Verify Astros O8.5 limit before sizing up.
That's what you want: specific, numeric, actionable, and appropriately skeptical on the thinner market. No fluff.
Extending the Agent
Once this base loop is running, the extensions are obvious:
- Scheduled polling. Run
run_agent()on a cron job, push output to Discord or Slack. (I covered the Discord bot infrastructure in this post on building a Discord odds alert bot.) - Multi-turn conversation. Wrap in a simple CLI or Telegram bot so bettors can follow up: "show me the full book comparison for the Cubs game."
- Edge history.

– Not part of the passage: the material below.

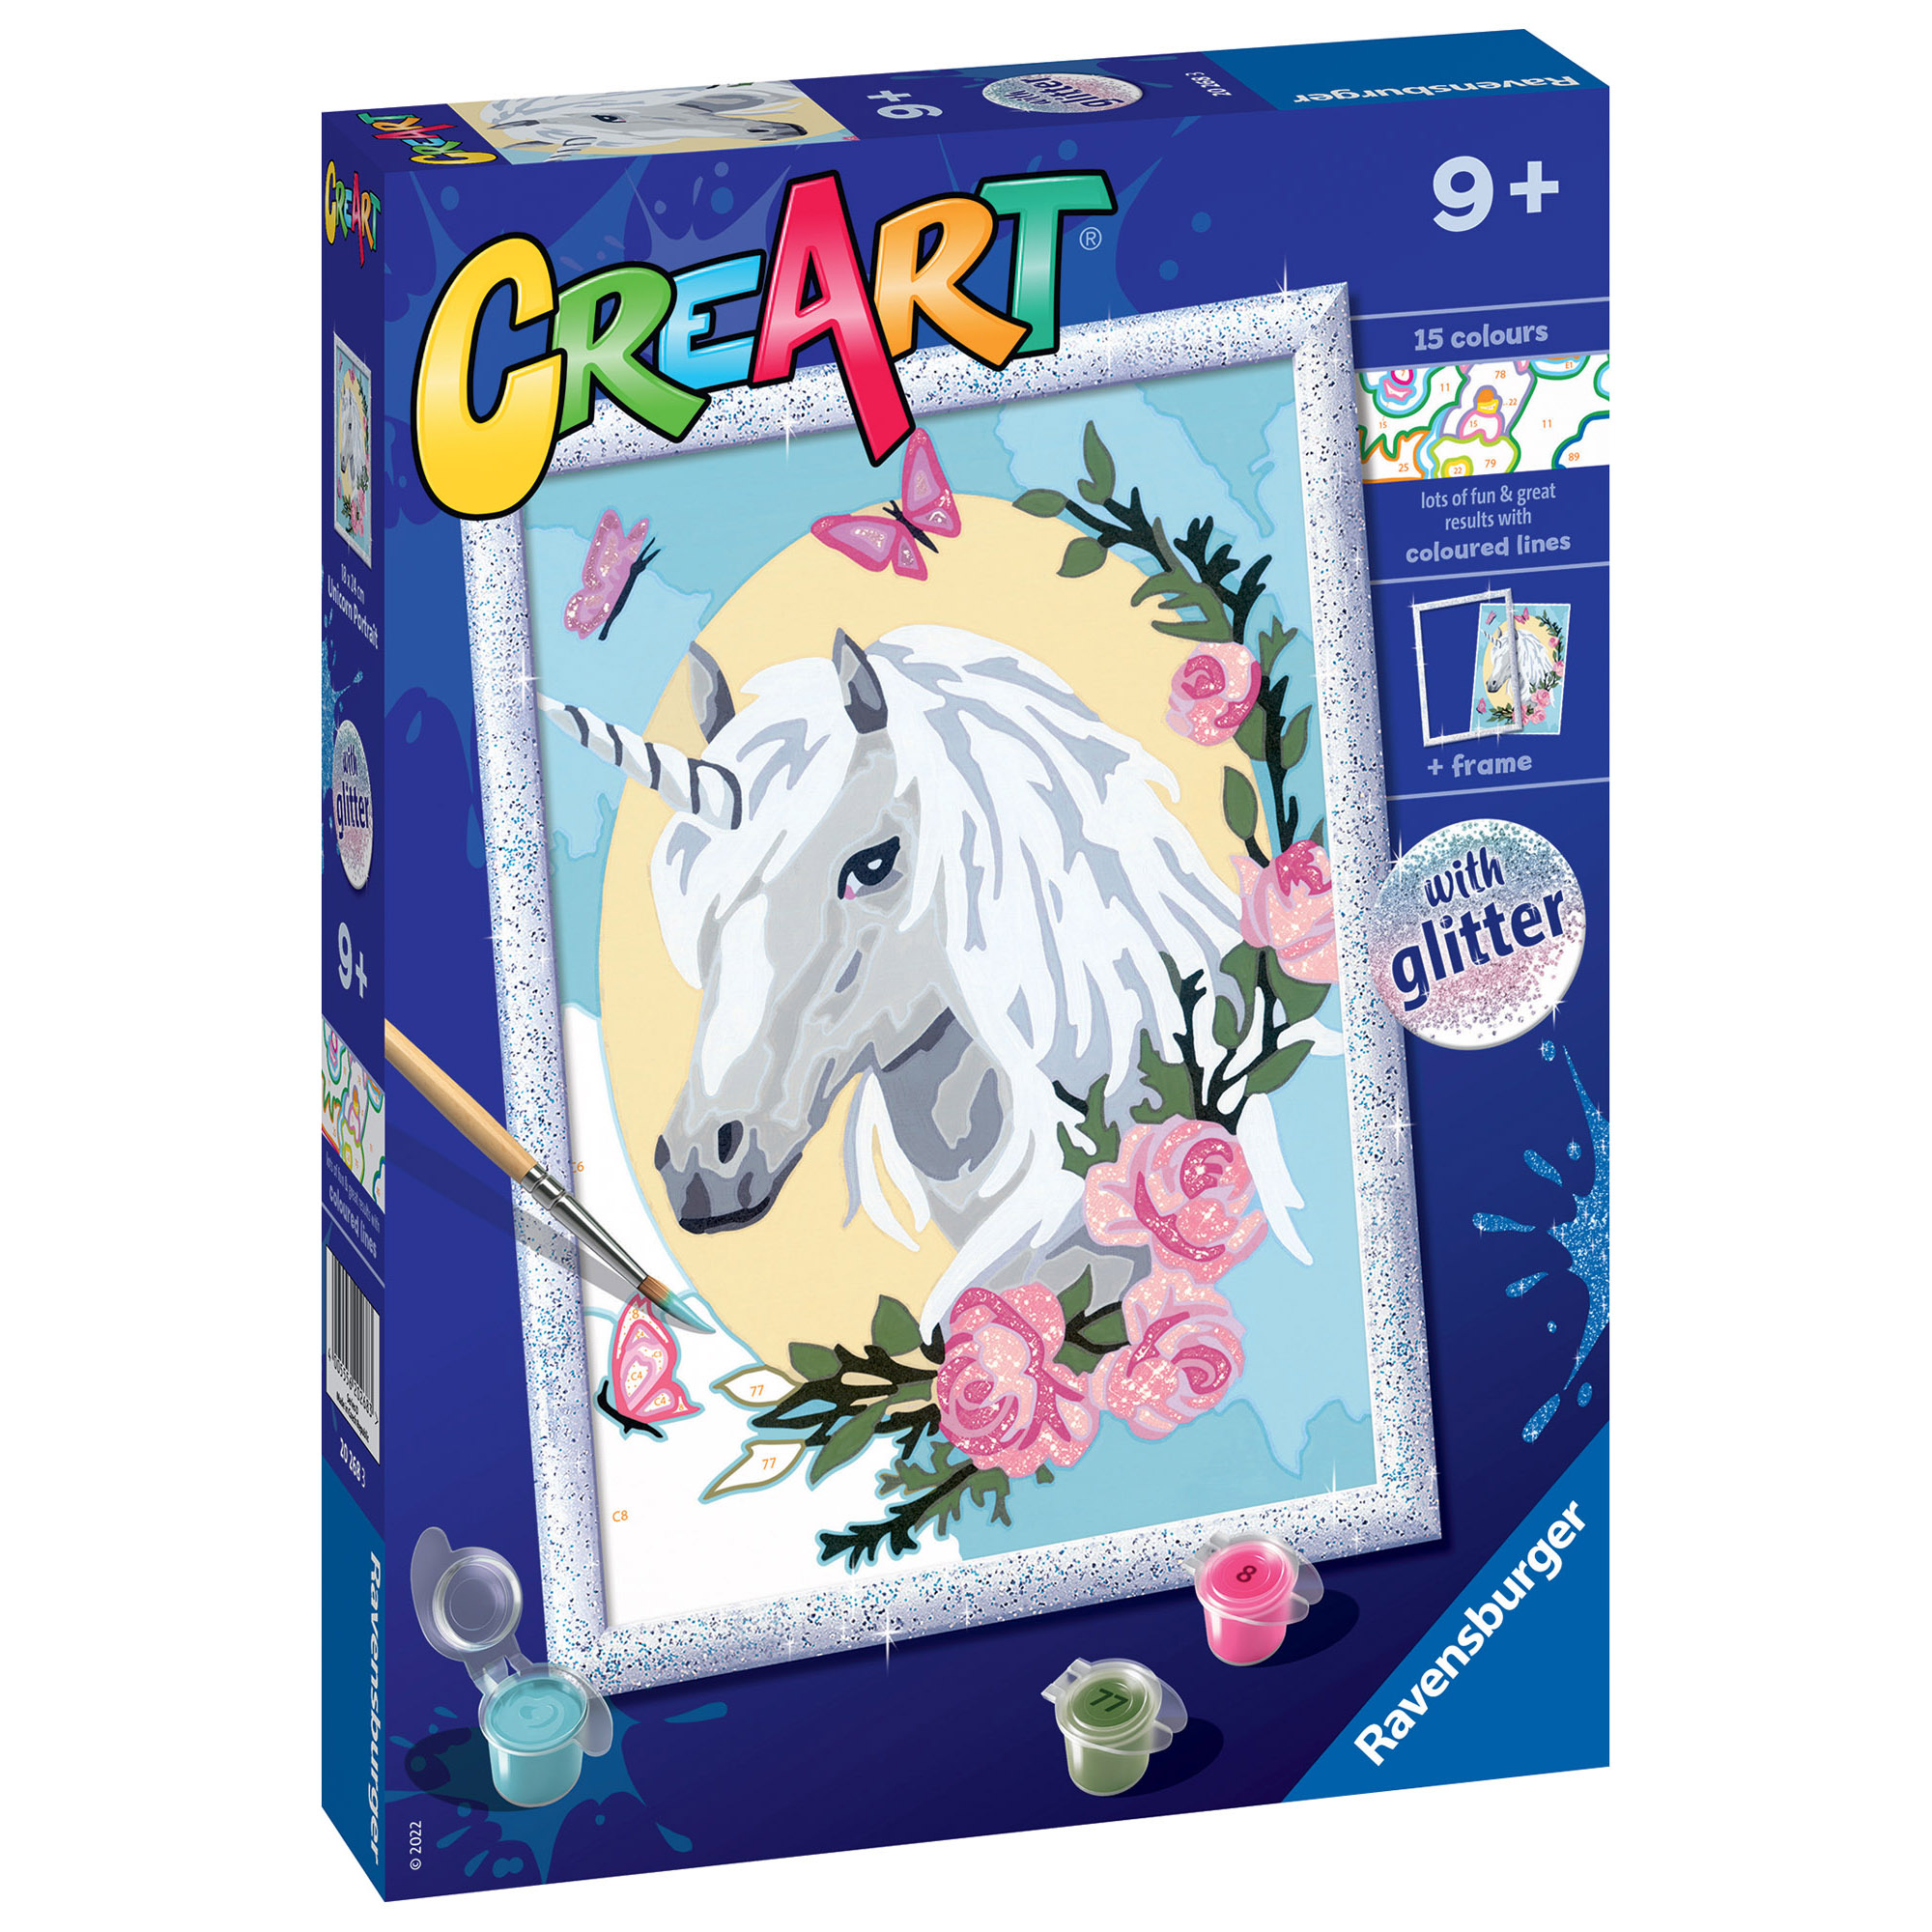 Ravensburger - creart serie d: ritratto di unicorno, kit per dipingere con i numeri, contiene una tavola prestampata, pennello, colori e accessori, gioco creativo per bambini 9+ anni - CREART

Log every tool response to Postgres. Run your own accuracy analysis on which edges converted.
- Filter by book availability. Add a
booksparam to yourget_edgescall if you're only funded on certain sportsbooks.
For EV theory and why the math behind these figures holds up, the BettingLab EV guide is the right primer before you start sizing into these recommendations.
If you want to compare what MoneyLine's edge data looks like against other odds API providers before you commit to integrating, the API comparison page walks through the tradeoffs.
FAQ
What model should I use for a betting tool-use agent?
Claude 3.5 Sonnet (specifically claude-3-5-sonnet-20241022) is my current recommendation for tool-use reliability and structured output quality. GPT-4o works but has a higher rate of skipping tool calls it should make. For cost-sensitive high-frequency polling, Claude 3 Haiku handles simple edge-fetch queries fine.
How many API credits does this consume per run?
Each agent run typically makes 1-2 tool calls. The MoneyLine free tier gives you 1,000 credits/month. If you're running this on a 15-minute cron for MLB games, you'll use roughly 200-300 credits per day during the season — well within the free tier for development and light production use.
Can the agent explain why a line moved, not just what the current line is?
Not out of the box with this setup. Line movement reasoning requires historical odds snapshots over time, which /v1/odds doesn't provide in a single call. You'd need to store time-series snapshots yourself and add a third tool that queries your local database. Doable, and a natural extension once you've got the base loop running.
Is this legal? Can I actually automate bet placement?
Pulling odds and calculating EV is completely legal. Automated bet placement is a different question entirely — most sportsbooks prohibit bot-driven wagering in their terms of service, and some jurisdictions have additional rules. This agent is a research and decision-support tool, not a bot placer. Keep those two things firmly separated.
What's the latency on a full agent run?
In my testing: ~800ms for the MoneyLine API calls, ~1.2s for Claude inference including tool-use round trips. Total wall time is typically 2-3 seconds for a two-tool-call query. That's fast enough for a Discord bot responding to slash commands, not fast enough for in-play betting where you're chasing line moves in real time.